Today’s Huntsville Times, Alabama opinion column narrates the story of another town that Wal-Mart killed twice — once on the way in, and again on the way out. Livingston is located in the west Alabama county of Sumter. It has a small state university, but it’s been losing population base for years. The overall population in Livingston is now less than 15,000. Around 2 in 5 people in the community are poor. Twenty-five years ago, Wal-Mart came to town. Some local businesses went under at the time — even though that 1980 model was just a discount store, and not a supercenter. But now, Livingston is going to have to live without its Wal-Mart discount store, because the retailer is shutting it down in favor of a larger superstore in Demopolis, roughly 30 miles to the east. Wal-Mart told the newspaper that it does not build superstores as close as 30 miles apart — which is totally untrue. So the 60 employees at the Livingston Wal-Mart are either going to have to travel to Demopolis for work, or find another employer. Local Wal-Mart shoppers are now left to fend for themselves for cheap underwear.
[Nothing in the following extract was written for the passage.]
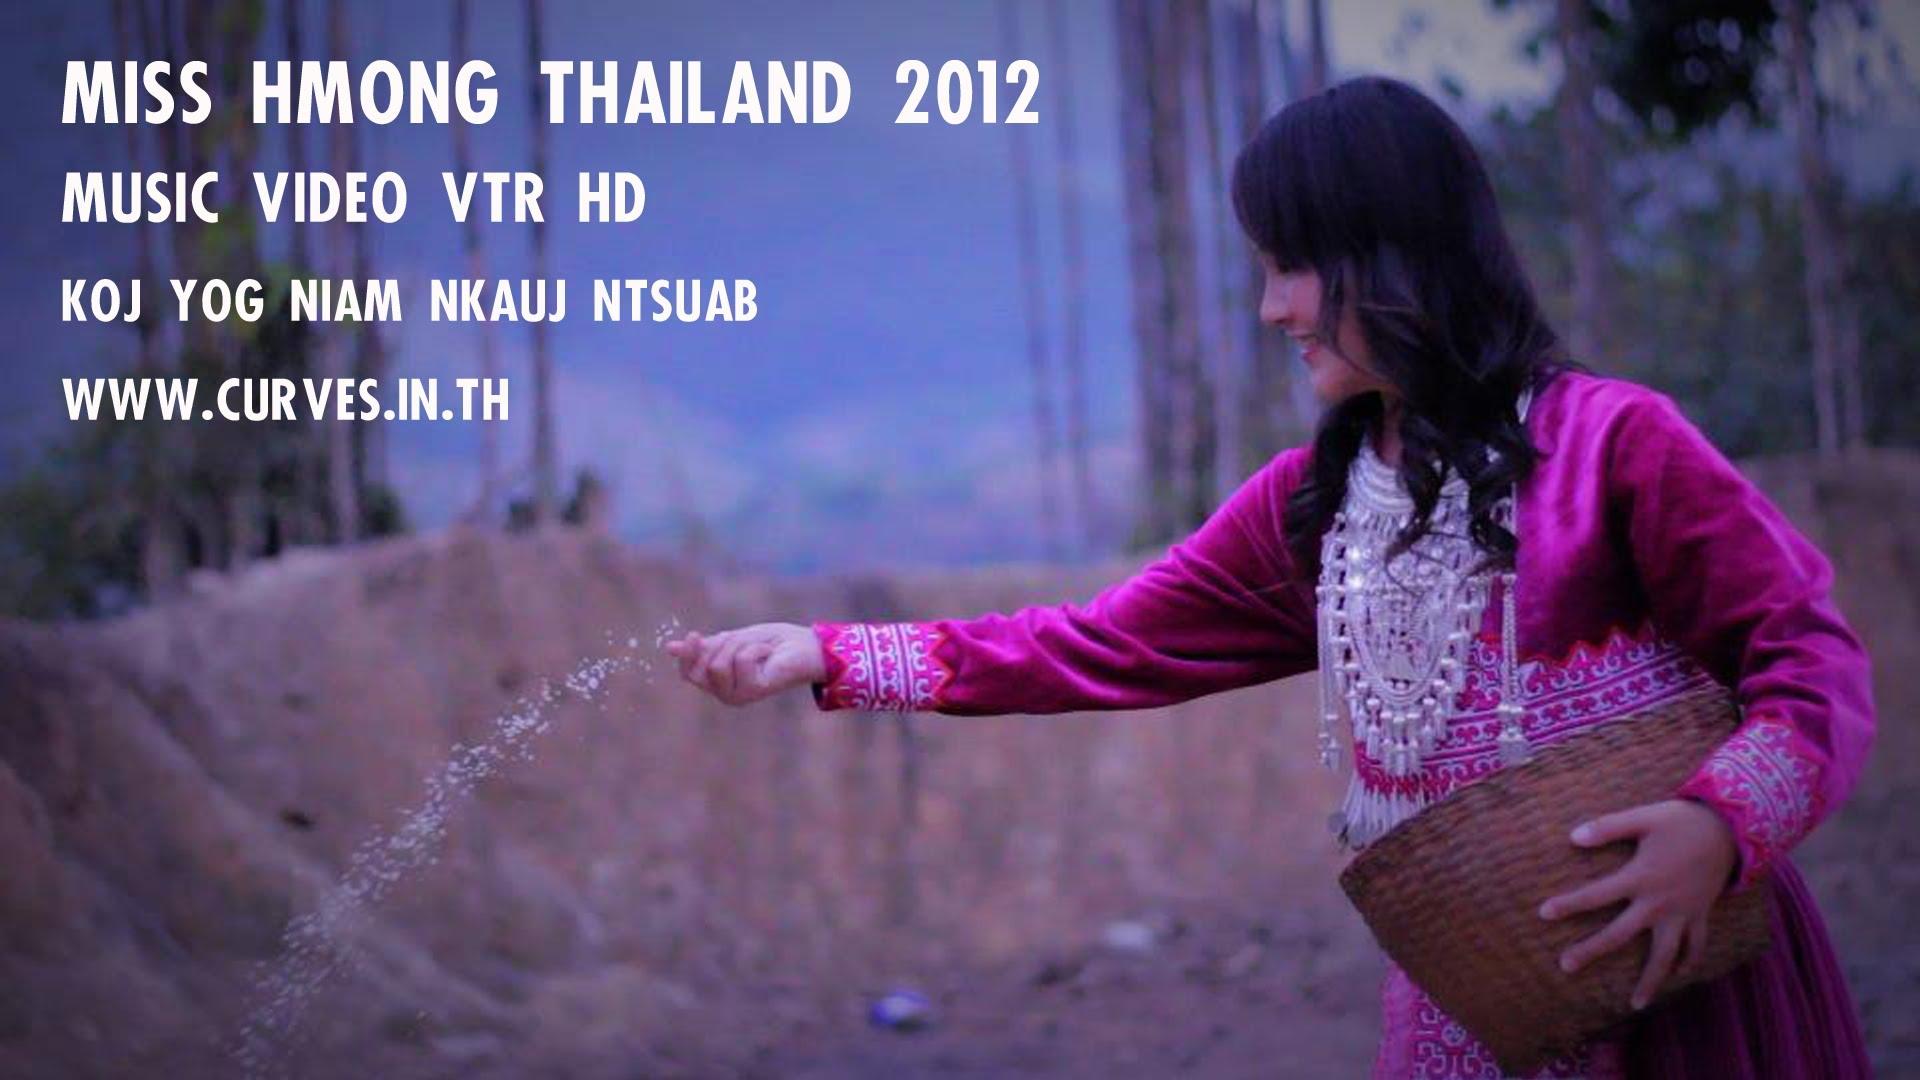 MISS HMONG THAILAND 2012 : Koj Yog Niam Nkauj Ntsuab (VTR HD)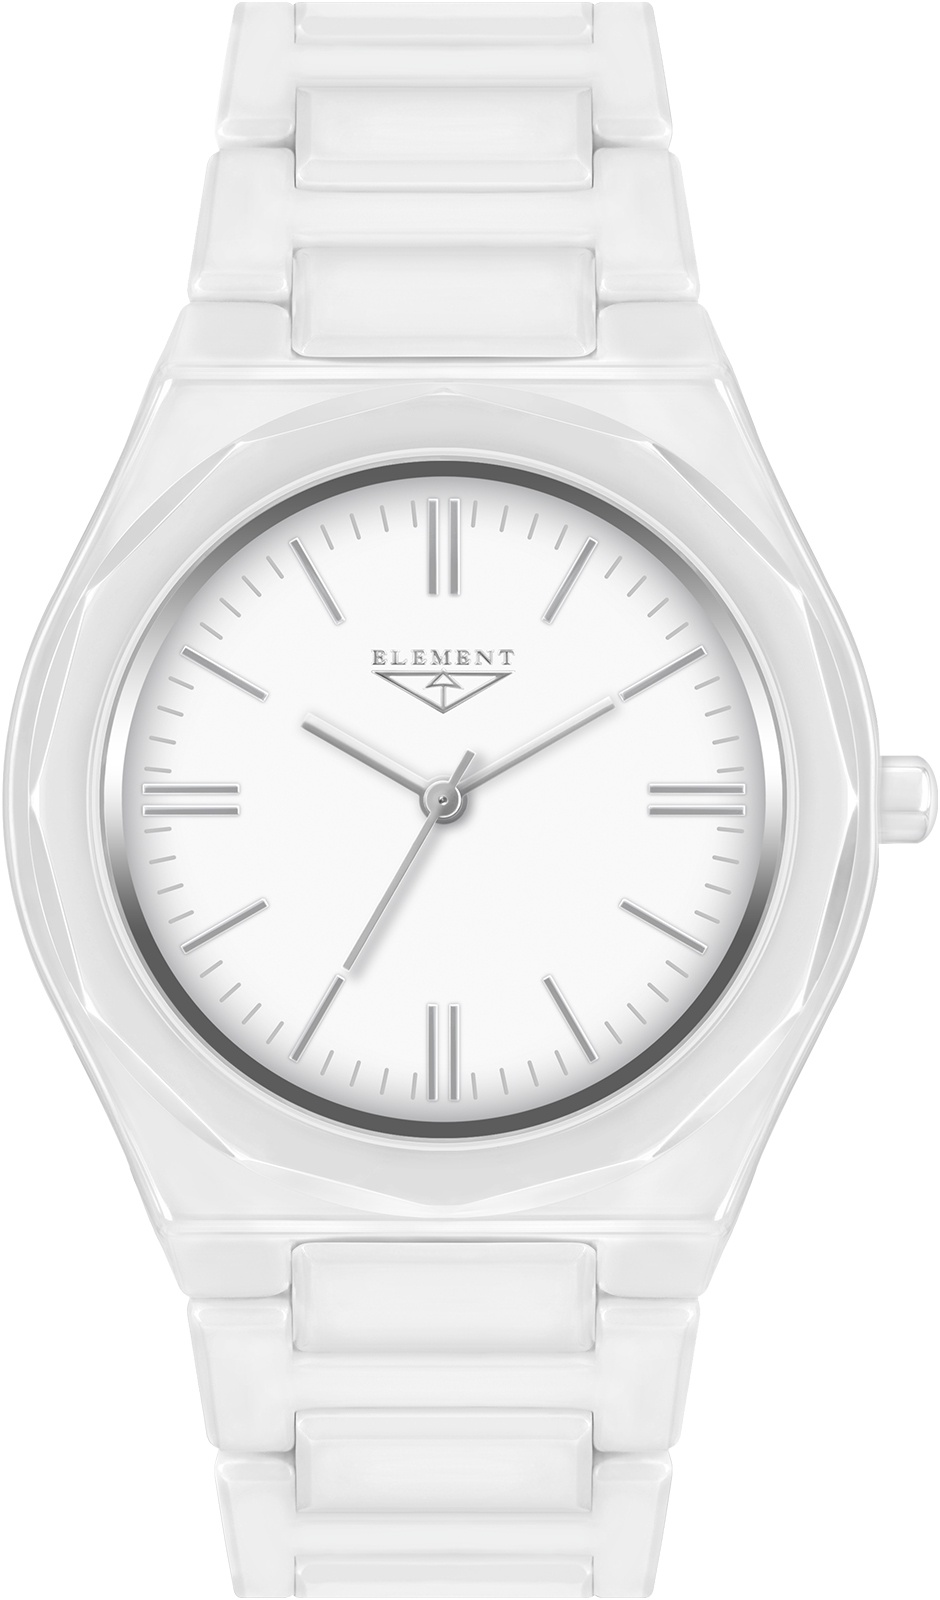 купить Часы 33 ELEMENT 331705C, белый по цене 9120 рублей

Local officials are now scrambling around to find other stores that can fill the Wal-Mart gap. “There are few places to shop in Livingston,” one resident told the Times. “I think losing Wal-Mart presents more problems for people in a small town like this than for those who live in larger cities and have more choices.” But opinion columnist John Ehinger says the decision by Wal-Mart was based on one factor, and one factor only: “Even Wal-Mart, popular with lower-income families, finds that some communities just don’t do enough for the bottom line.” “At best, Wal-Mart’s behavior is unsavory,” Ehinger writes. “It drove out its competitors but felt no real responsibility to continue to serve its customers… Consolidation in the retail economy is inevitably bad for the consumer. In most cases, it results in higher prices. In others, it could actually leave people with no place to buy the things they need… In the face of such public-policy failures, little wonder the Wal-Marts of the world graze where they can and then move on when they spot greener pastures elsewhere.”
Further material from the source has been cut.